### What the task requires
Please give back the lines from the line containing "<strong>Lewandowski vs. Werner: Das" through the end of the listing below, exactly as written and without pictures.

### Data section
"""
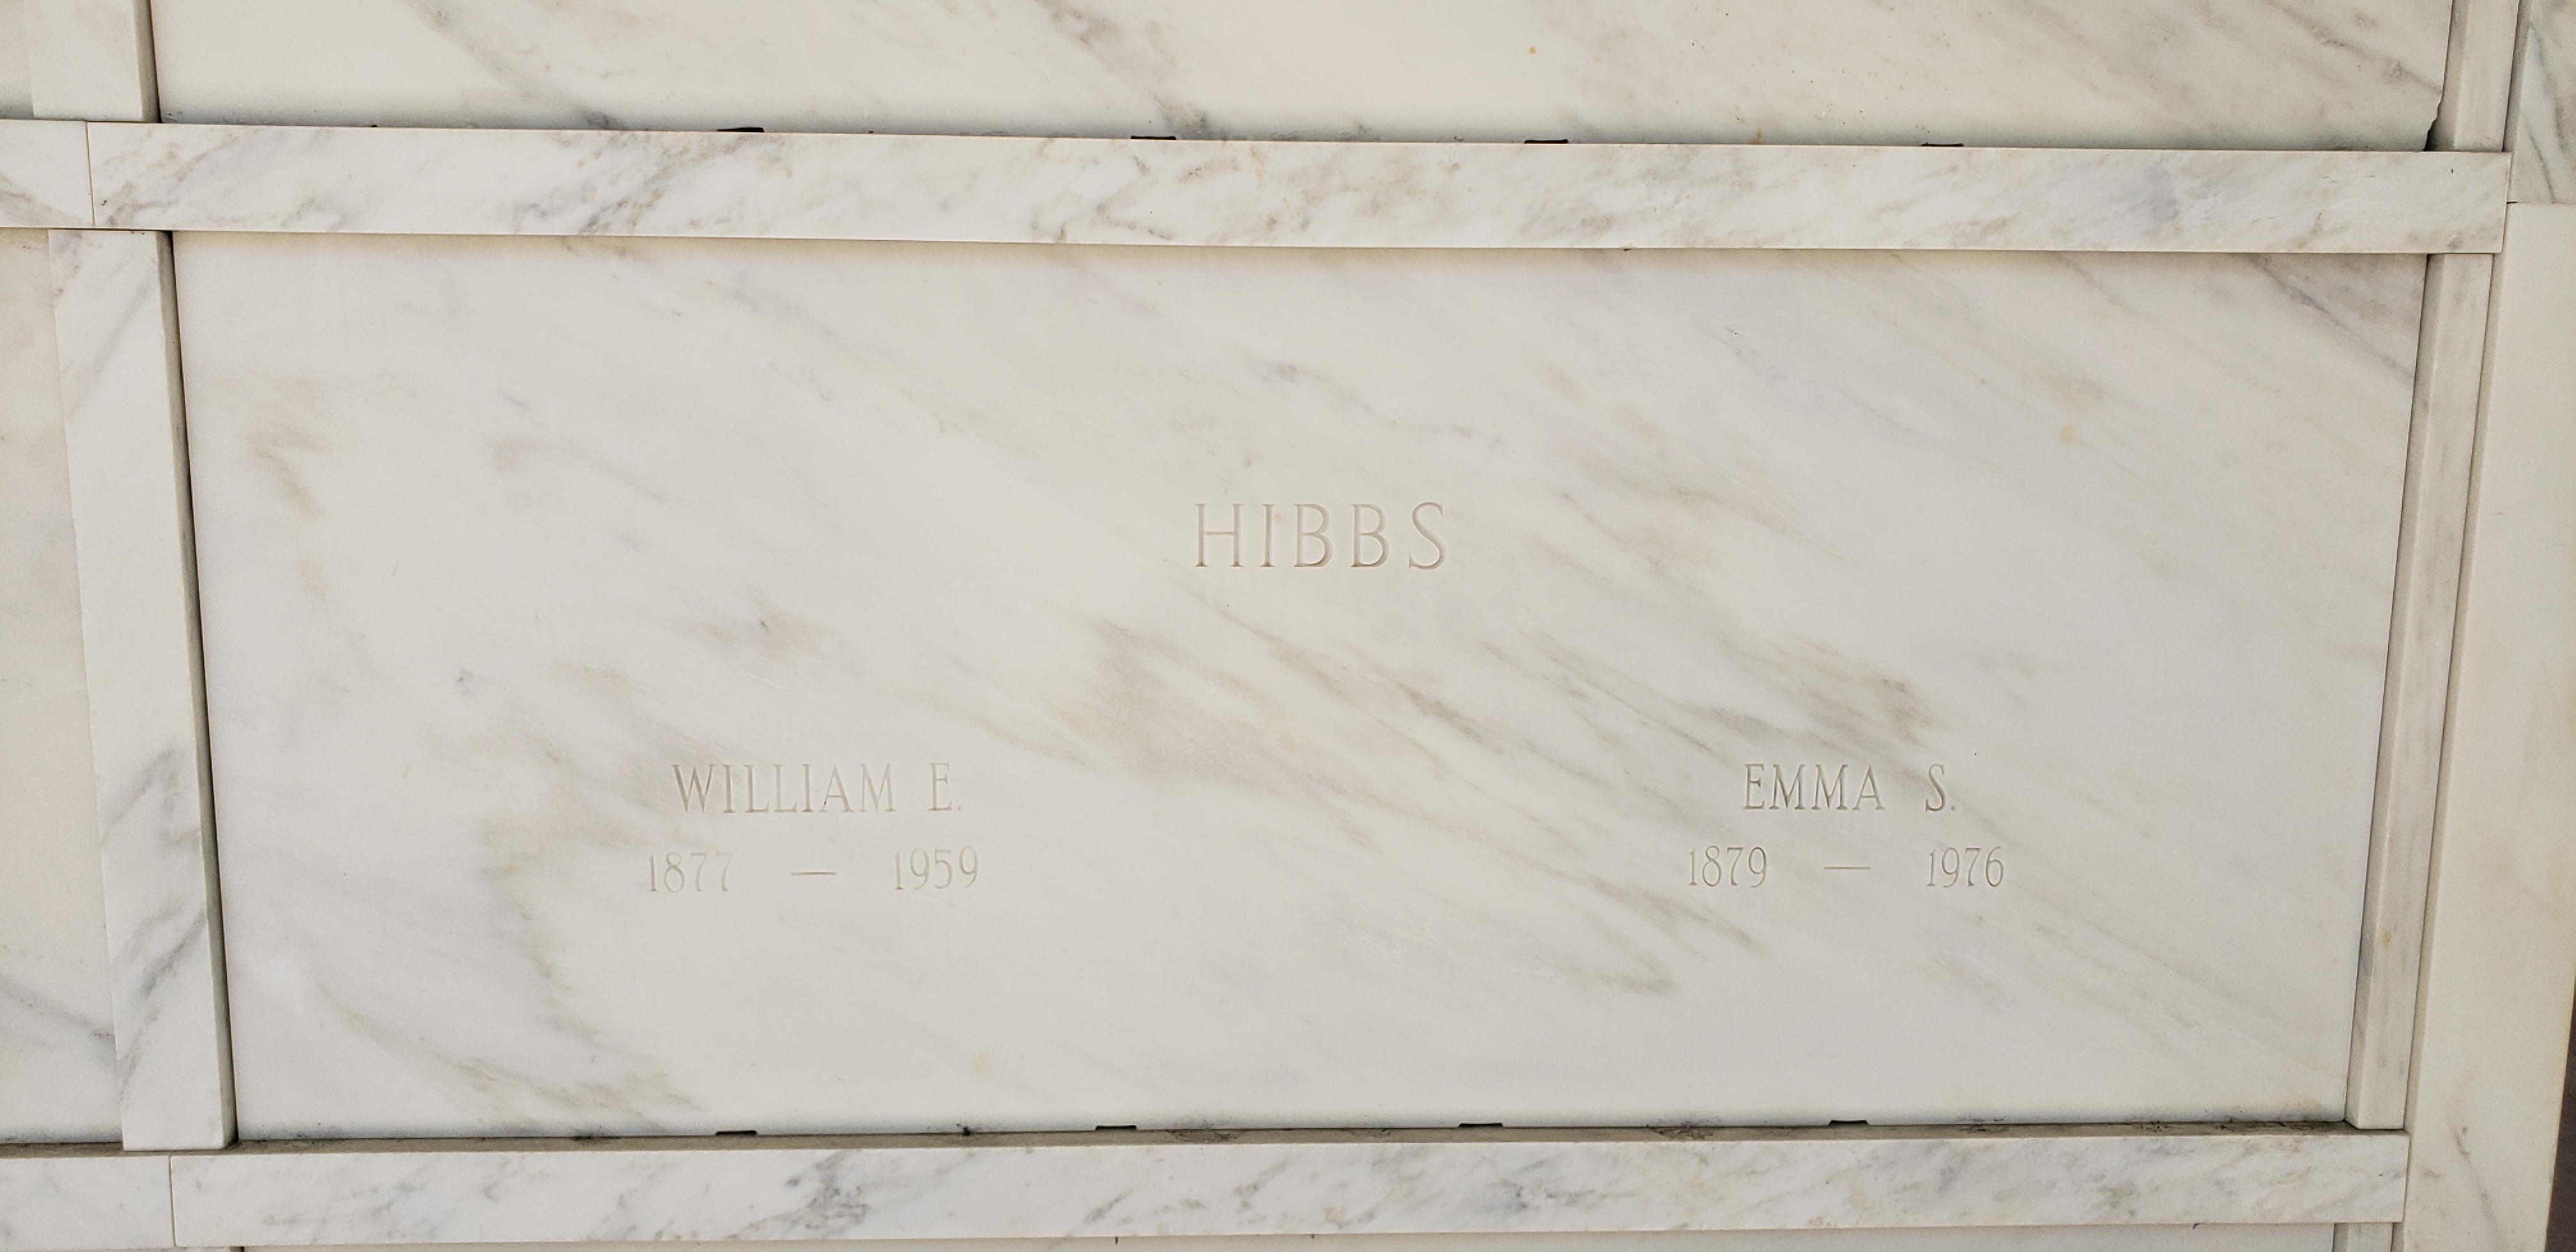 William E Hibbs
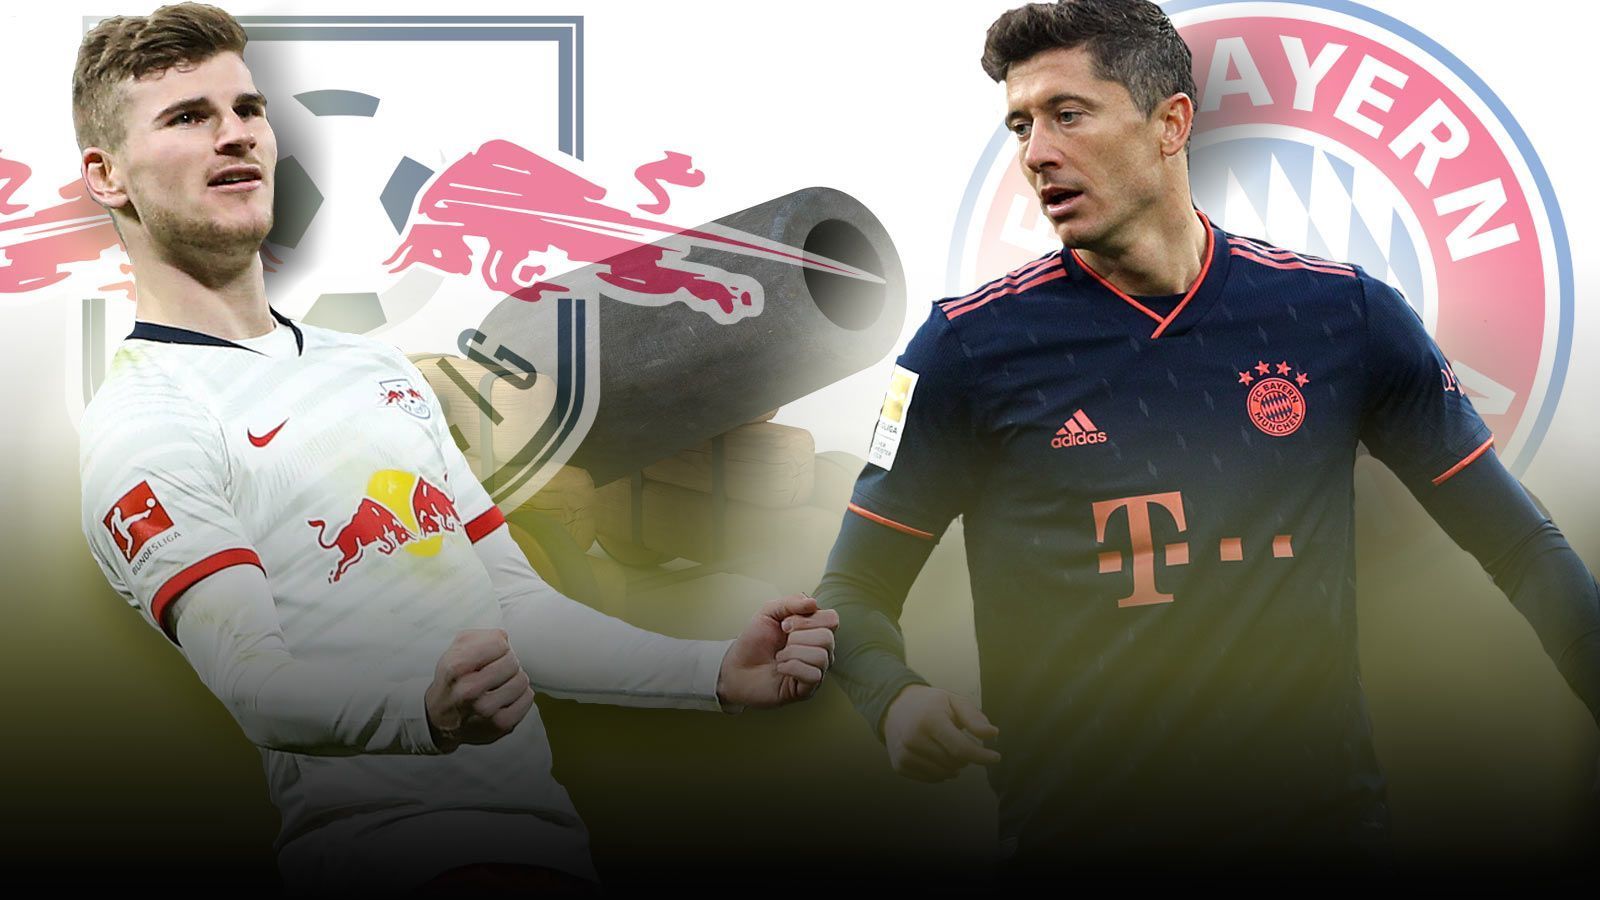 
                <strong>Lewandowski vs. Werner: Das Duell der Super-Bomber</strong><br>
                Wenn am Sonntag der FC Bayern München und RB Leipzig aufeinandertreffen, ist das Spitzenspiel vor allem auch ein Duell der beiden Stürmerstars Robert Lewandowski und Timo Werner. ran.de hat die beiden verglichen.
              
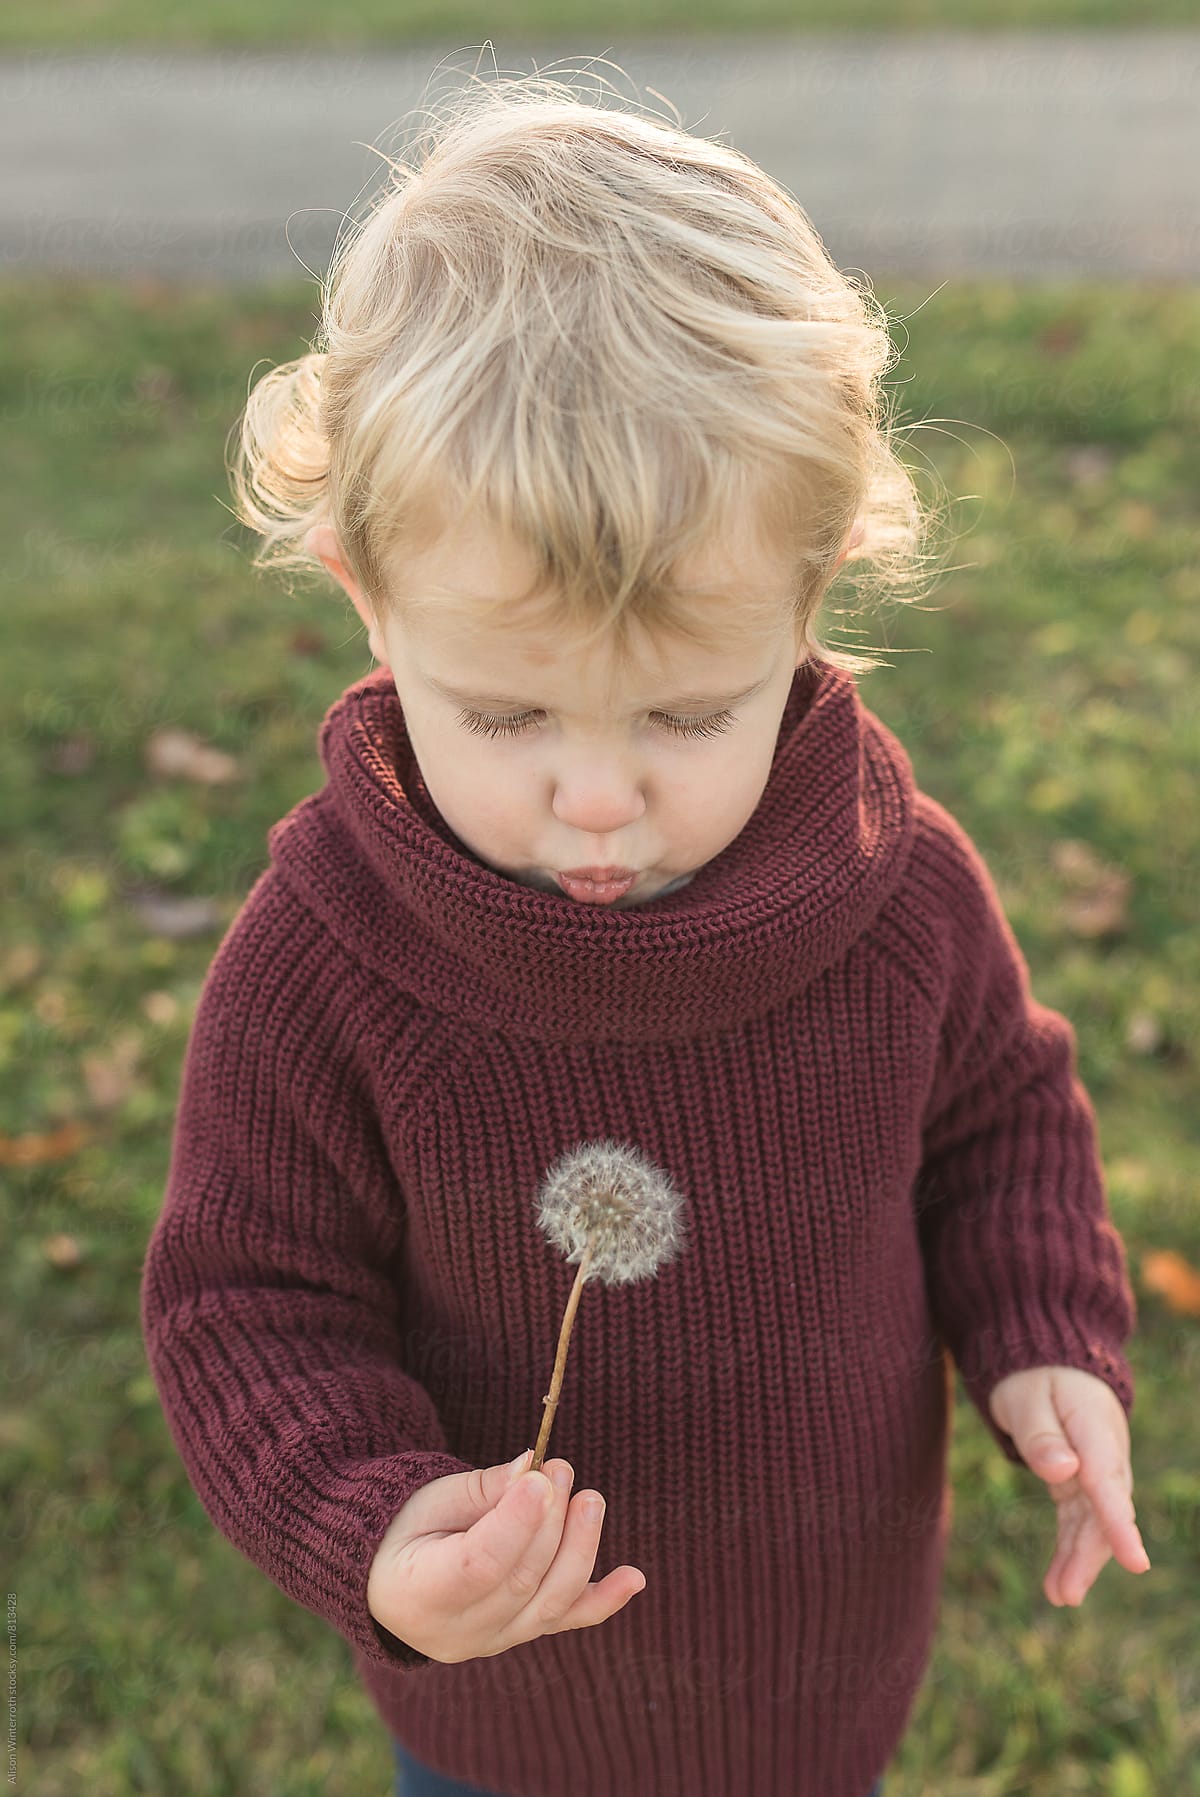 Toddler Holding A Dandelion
"""
### Task result
                <strong>Lewandowski vs. Werner: Das Duell der Super-Bomber</strong><br>
                Wenn am Sonntag der FC Bayern München und RB Leipzig aufeinandertreffen, ist das Spitzenspiel vor allem auch ein Duell der beiden Stürmerstars Robert Lewandowski und Timo Werner. ran.de hat die beiden verglichen.
              
 Toddler Holding A Dandelion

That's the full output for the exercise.